The 2020 Massachusetts Republican presidential primary took place on March 3, 2020, as one of fourteen contests scheduled for Super Tuesday in the Republican Party presidential primaries for the 2020 presidential election.

==Results==
Incumbent United States President Donald Trump was challenged by three candidates: businessman and perennial candidate Rocky De La Fuente of California, former congressman Joe Walsh of Illinois, and former governor Bill Weld of Massachusetts.
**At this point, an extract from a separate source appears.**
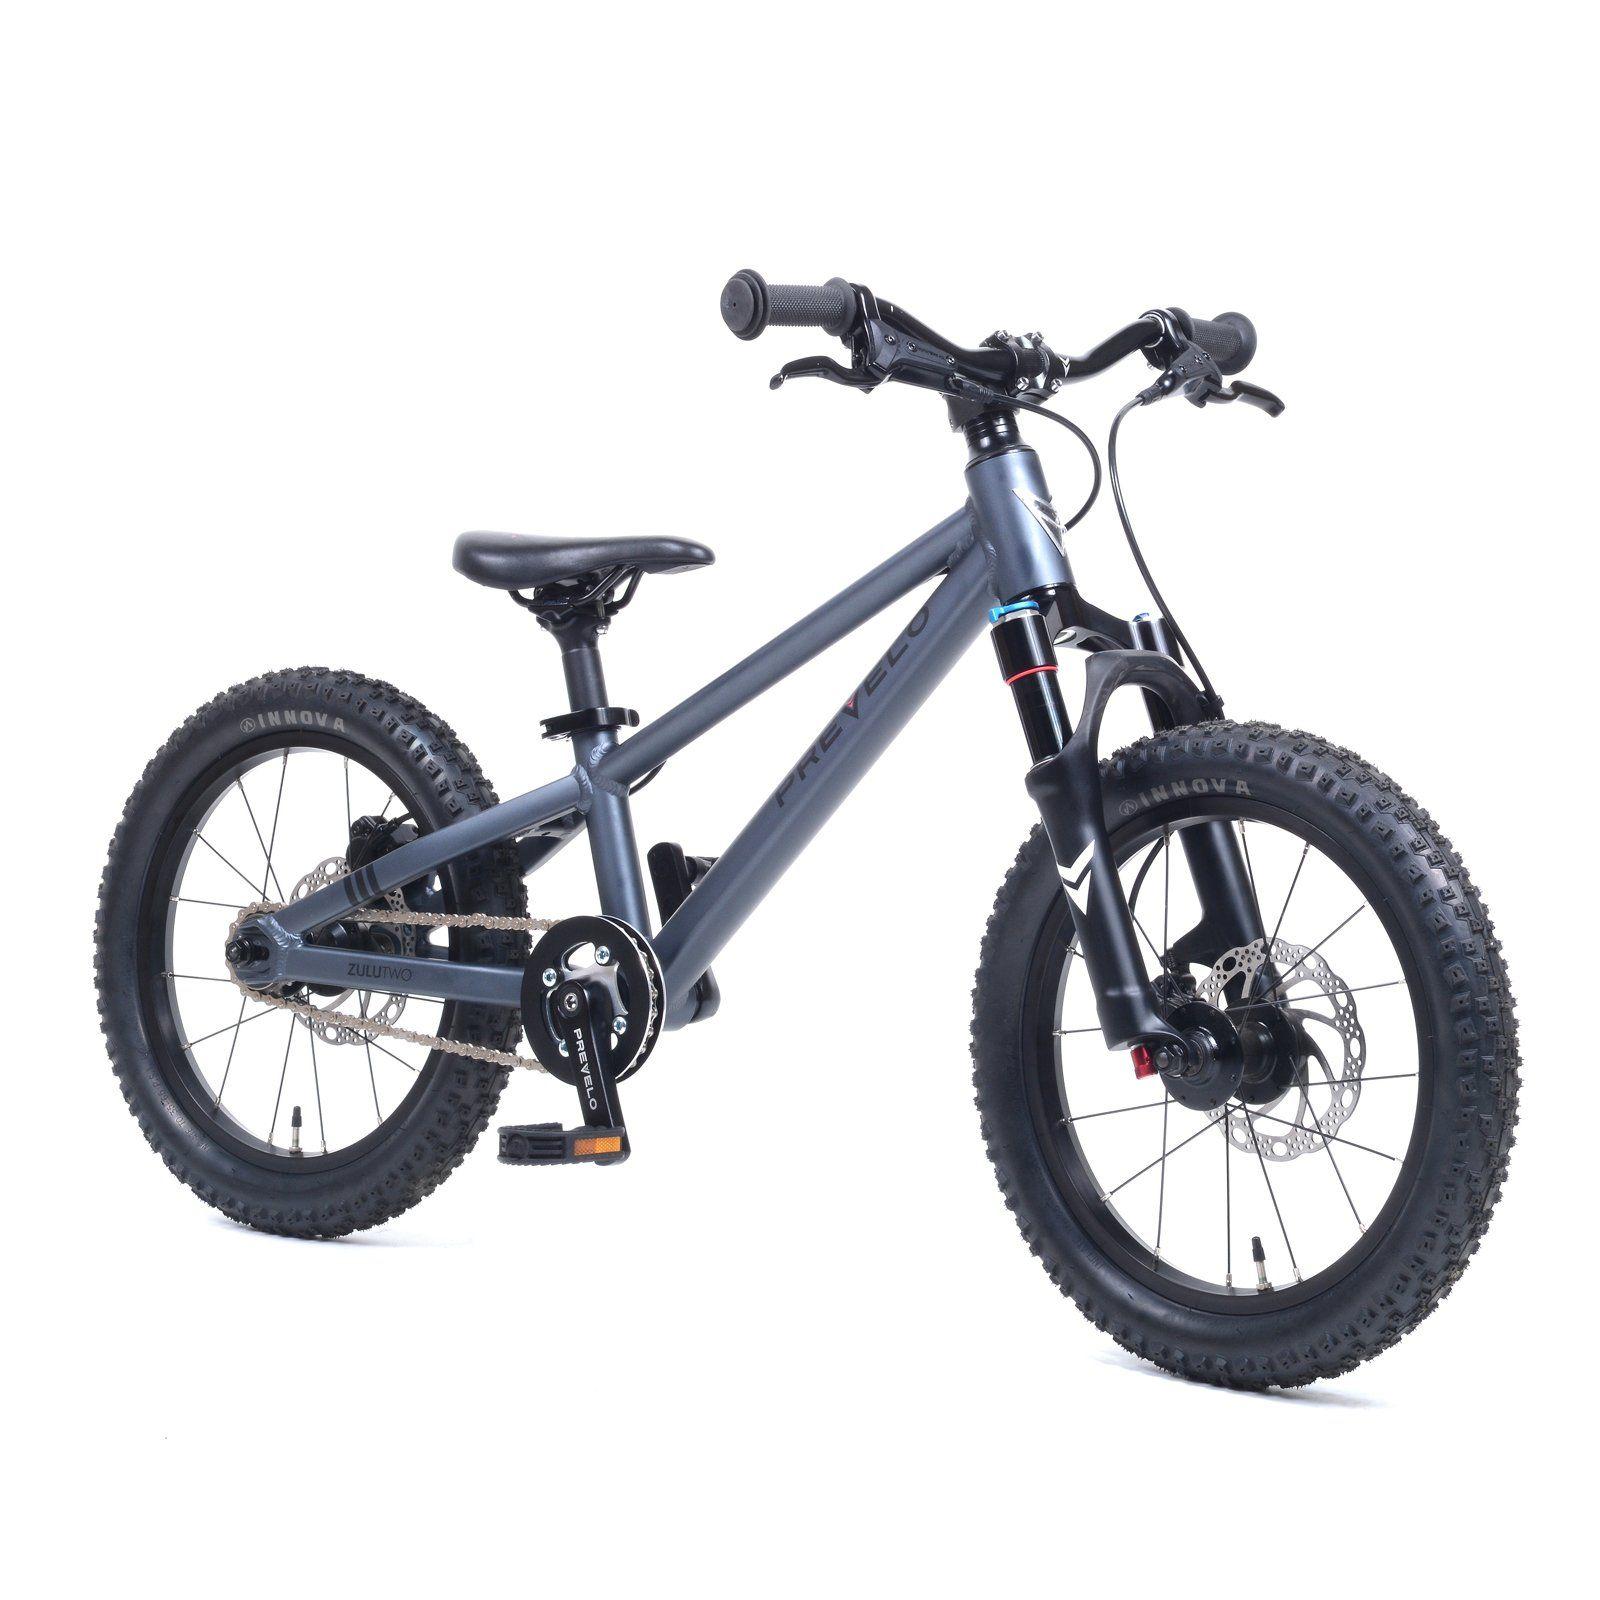 Zulu Two Kids Mountain Bikes Bike Kids Bike

Walsh withdrew from the race prior to the primary. De La Fuente was not on the initial ballot list, but he successfully petitioned to get onto the ballot following its release. Donald Trump won Massachusetts in a landslide over Former Governor Bill Weld, winning almost every town, losing only Pelham and Gosnold.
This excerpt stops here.